Stuck scraping a specific table with scrapy

682 Views Asked by At

So the table I'm trying to scrape can be found here: http://www.betdistrict.com/tipsters

I'm after the table titled 'June Stats'.

Here's my spider:

from __future__ import division
from decimal import *

import scrapy
import urlparse

from ttscrape.items import TtscrapeItem 

class BetdistrictSpider(scrapy.Spider):
name = "betdistrict"
allowed_domains = ["betdistrict.com"]
start_urls = ["http://www.betdistrict.com/tipsters"]

def parse(self, response):
    for sel in response.xpath('//table[1]/tr'):
        item = TtscrapeItem()
        name = sel.xpath('td[@class="tipst"]/a/text()').extract()[0]
        url = sel.xpath('td[@class="tipst"]/a/@href').extract()[0]
        tipster = '<a href="' + url + '" target="_blank" rel="nofollow">' + name + '</a>'
        item['Tipster'] = tipster
        won = sel.xpath('td[2]/text()').extract()[0]
        lost = sel.xpath('td[3]/text()').extract()[0]
        void = sel.xpath('td[4]/text()').extract()[0]
        tips = int(won) + int(void) + int(lost)
        item['Tips'] = tips
        strike = Decimal(int(won) / tips) * 100
        strike = str(round(strike,2))
        item['Strike'] = [strike + "%"]
        profit = sel.xpath('//td[5]/text()').extract()[0]
        if profit[0] in ['+']:
            profit = profit[1:]
        item['Profit'] = profit
        yield_str = sel.xpath('//td[6]/text()').extract()[0]
        yield_str = yield_str.replace(' ','')
        if yield_str[0] in ['+']:
            yield_str = yield_str[1:]
        item['Yield'] = '<span style="color: #40AA40">' + yield_str + '%</span>'
        item['Site'] = 'Bet District'
        yield item

This gives me a list index out of range error on the very first variable (name).

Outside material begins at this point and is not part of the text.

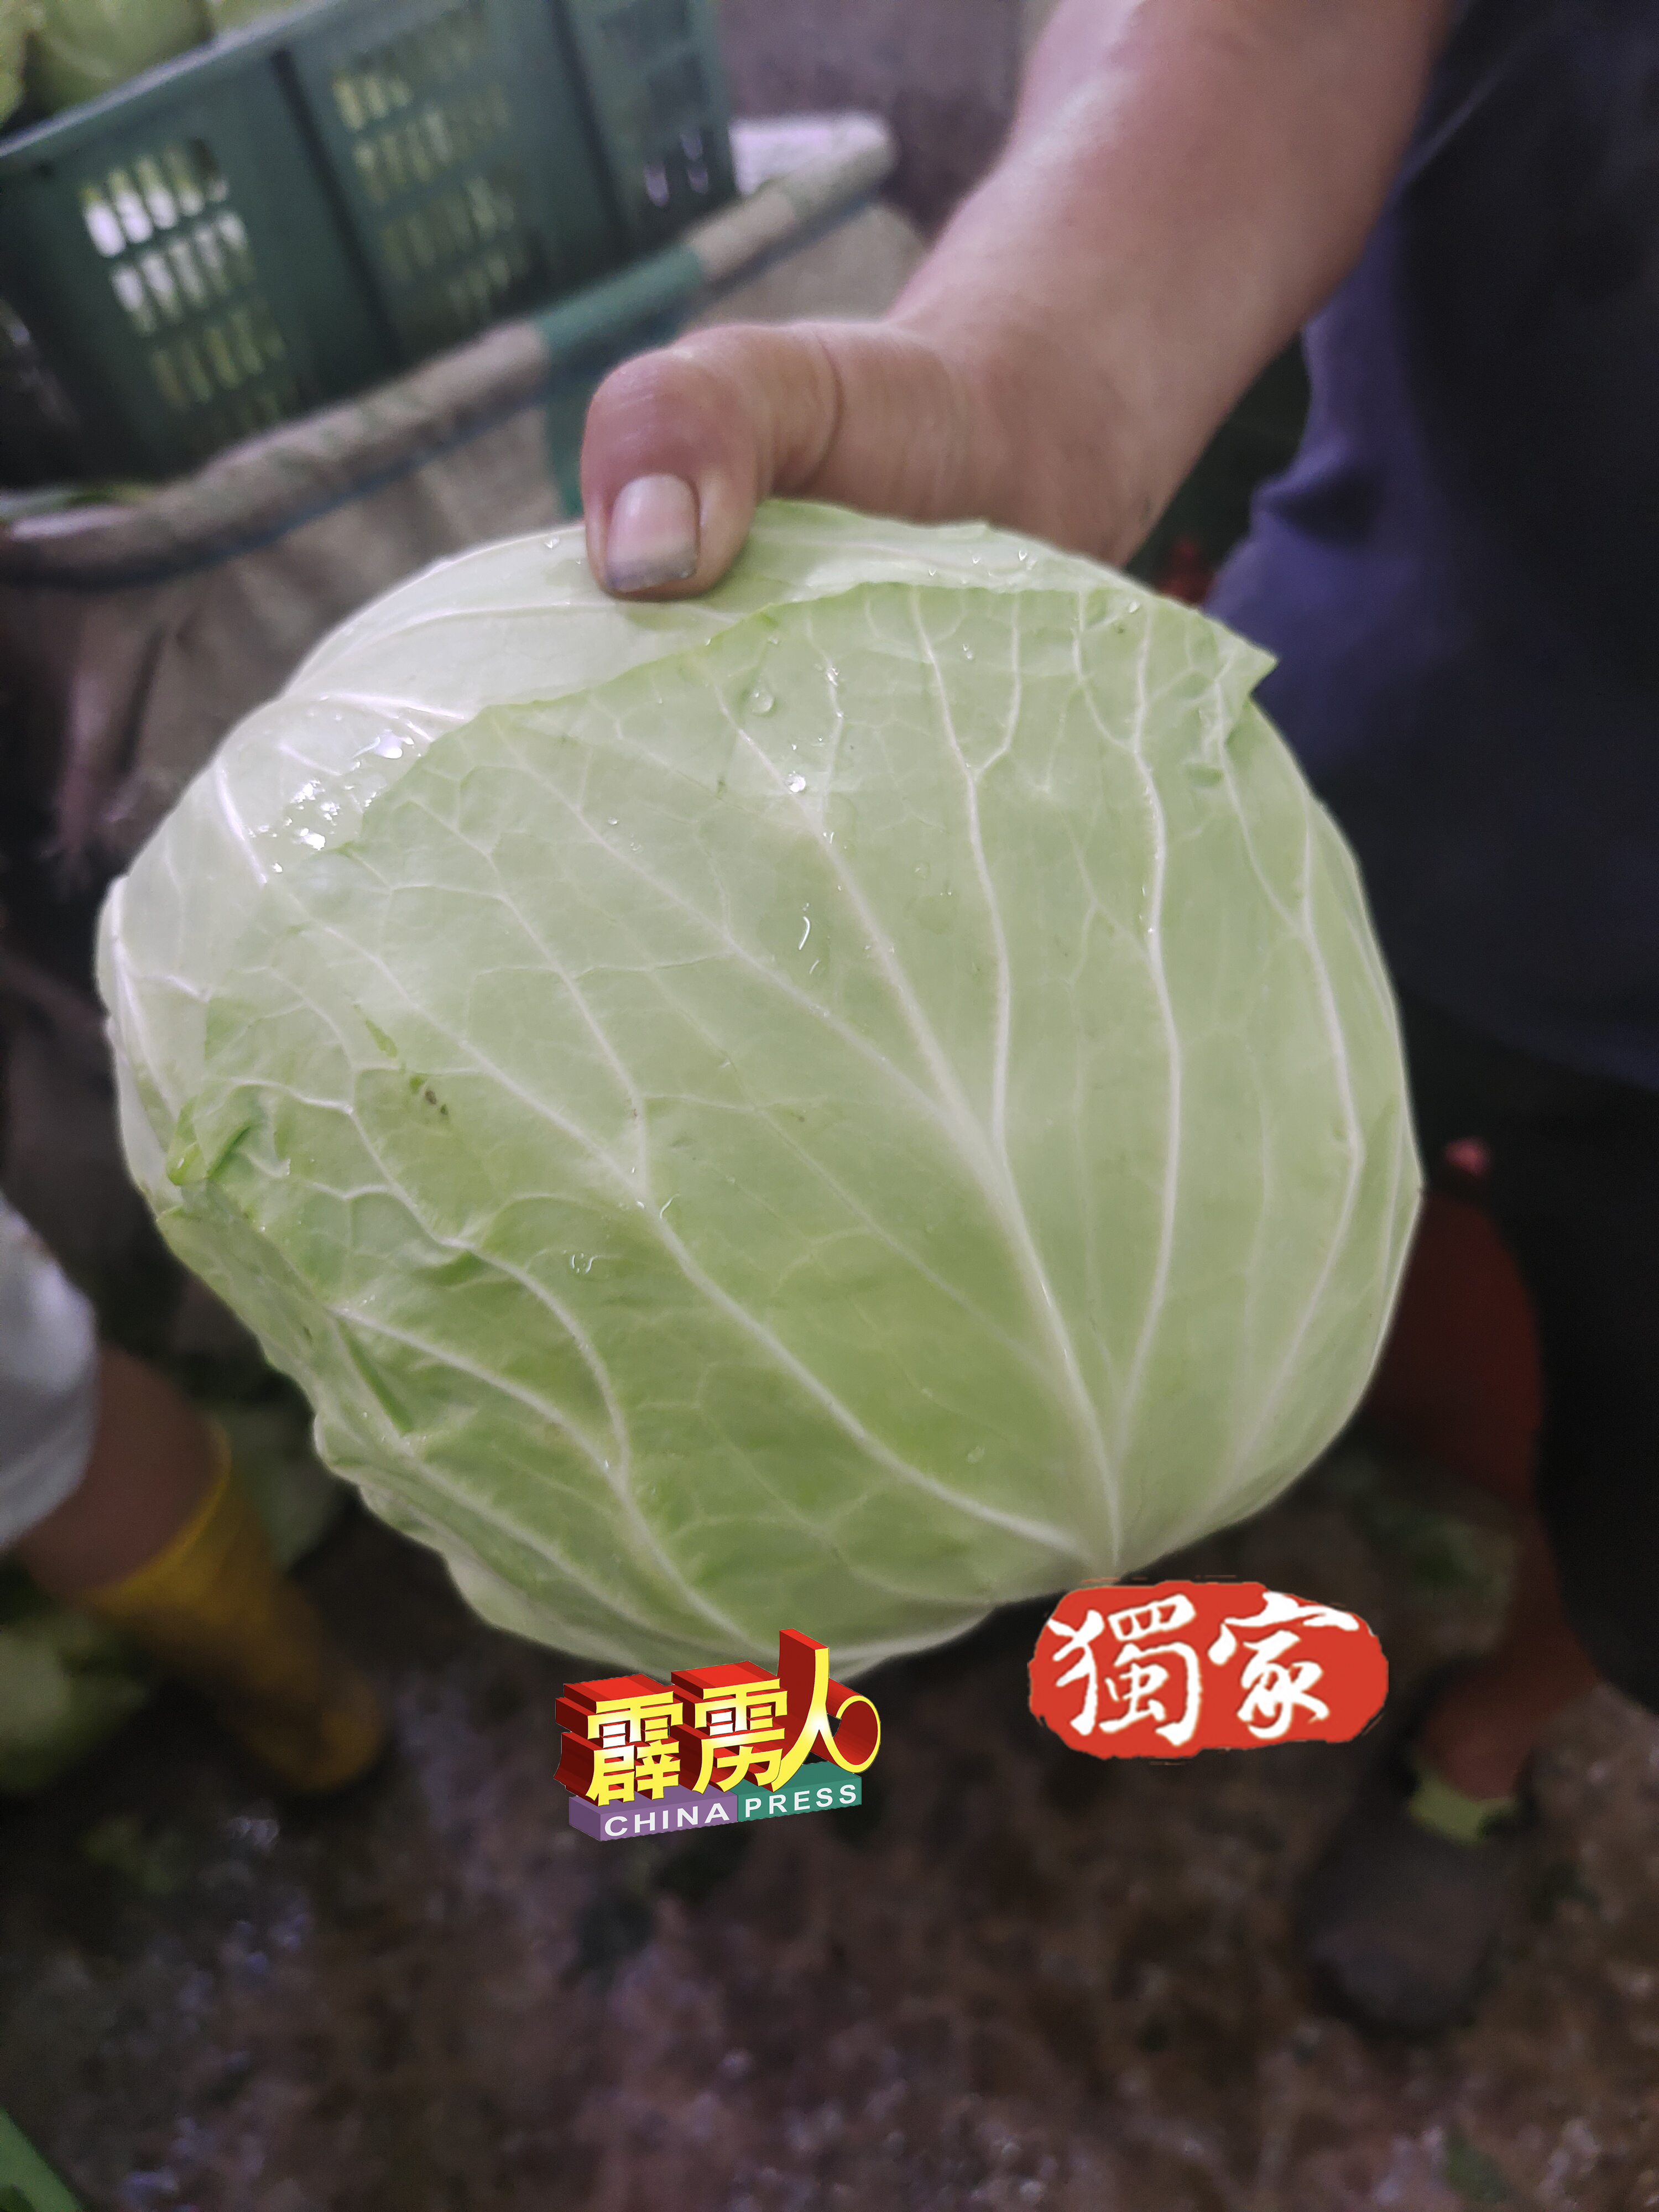 包菜属于耐放型蔬菜，在开斋节前一週，身价会水涨船高。

However, when I rewrite my xpath selectors starting with //, e.g:

name = sel.xpath('//td[@class="tipst"]/a/text()').extract()[0]

The spider runs, but scrapes the first tipster over and over again.

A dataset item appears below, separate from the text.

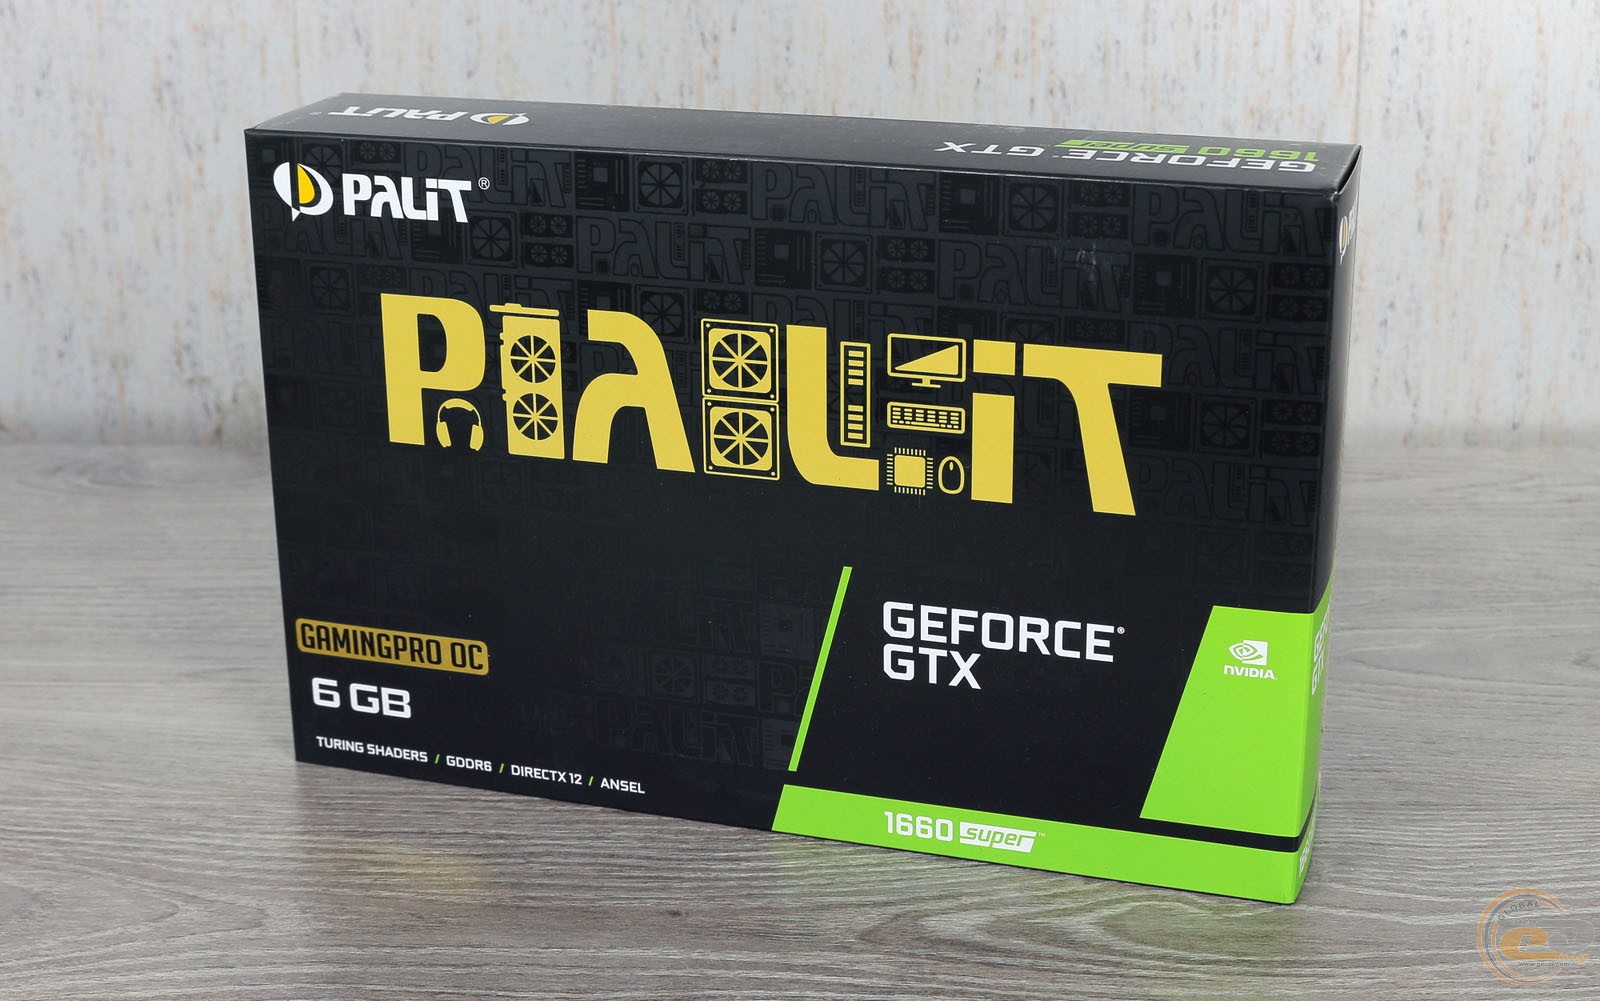 Palit geforce gtx 1660 gaming pro. GTX 1660 super Palit. Palit GEFORCE GTX 1660 super GP OC 6gb. Palit GEFORCE GTX 1660 super 6gb. Palit GTX 1660 super Gaming Pro 6gb.

I think it has something to do with the the table not having a thead, but containing th tags within the first tr of the tbody.

Any help is much appreciated.

----------EDIT----------

In response to Lars suggestions:

I've tried to use what you've suggested but still get a list out of range error:

from __future__ import division
from decimal import *

import scrapy
import urlparse

from ttscrape.items import TtscrapeItem 

class BetdistrictSpider(scrapy.Spider):
    name = "betdistrict"
    allowed_domains = ["betdistrict.com"]
    start_urls = ["http://www.betdistrict.com/tipsters"]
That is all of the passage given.